* **INSTRUCTIONS FOR THE TASK**
Find the line with "Madrid city bus tour χάρτης" in the data below, then restate it and all remaining lines exactly, adding nothing.

* **DATA FOR REVIEW**
= = = = =

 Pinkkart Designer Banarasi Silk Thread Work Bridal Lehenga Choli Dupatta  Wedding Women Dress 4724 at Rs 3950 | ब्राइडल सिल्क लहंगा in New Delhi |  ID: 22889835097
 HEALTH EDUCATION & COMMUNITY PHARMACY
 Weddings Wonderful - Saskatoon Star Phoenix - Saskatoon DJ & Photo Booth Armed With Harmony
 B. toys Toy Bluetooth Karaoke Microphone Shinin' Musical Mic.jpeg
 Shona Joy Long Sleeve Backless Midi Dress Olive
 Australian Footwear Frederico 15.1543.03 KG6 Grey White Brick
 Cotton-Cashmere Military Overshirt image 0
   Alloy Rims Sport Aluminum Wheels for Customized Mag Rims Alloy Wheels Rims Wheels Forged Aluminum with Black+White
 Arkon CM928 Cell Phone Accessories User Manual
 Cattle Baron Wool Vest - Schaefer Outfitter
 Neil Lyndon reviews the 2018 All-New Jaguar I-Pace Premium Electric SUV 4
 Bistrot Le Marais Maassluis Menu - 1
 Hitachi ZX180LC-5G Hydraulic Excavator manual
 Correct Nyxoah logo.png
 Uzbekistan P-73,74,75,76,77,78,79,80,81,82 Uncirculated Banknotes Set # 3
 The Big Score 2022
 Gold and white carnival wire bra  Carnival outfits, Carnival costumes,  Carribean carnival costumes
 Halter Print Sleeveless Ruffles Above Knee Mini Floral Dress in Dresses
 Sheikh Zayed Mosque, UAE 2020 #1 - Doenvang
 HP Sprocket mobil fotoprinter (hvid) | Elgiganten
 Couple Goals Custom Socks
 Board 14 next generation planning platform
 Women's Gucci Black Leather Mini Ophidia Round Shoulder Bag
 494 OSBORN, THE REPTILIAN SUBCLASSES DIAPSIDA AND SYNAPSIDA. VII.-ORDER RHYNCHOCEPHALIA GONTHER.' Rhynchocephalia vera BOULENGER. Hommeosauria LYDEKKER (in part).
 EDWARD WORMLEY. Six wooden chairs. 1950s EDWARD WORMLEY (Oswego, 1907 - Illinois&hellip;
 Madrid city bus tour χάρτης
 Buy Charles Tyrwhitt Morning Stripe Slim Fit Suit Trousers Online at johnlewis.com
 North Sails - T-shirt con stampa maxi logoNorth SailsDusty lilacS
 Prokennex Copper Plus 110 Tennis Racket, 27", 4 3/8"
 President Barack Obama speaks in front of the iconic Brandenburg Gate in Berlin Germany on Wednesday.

= = = = =

* **SOLUTION TO THIS TASK**
 Madrid city bus tour χάρτης
 Buy Charles Tyrwhitt Morning Stripe Slim Fit Suit Trousers Online at johnlewis.com
 North Sails - T-shirt con stampa maxi logoNorth SailsDusty lilacS
 Prokennex Copper Plus 110 Tennis Racket, 27", 4 3/8"
 President Barack Obama speaks in front of the iconic Brandenburg Gate in Berlin Germany on Wednesday.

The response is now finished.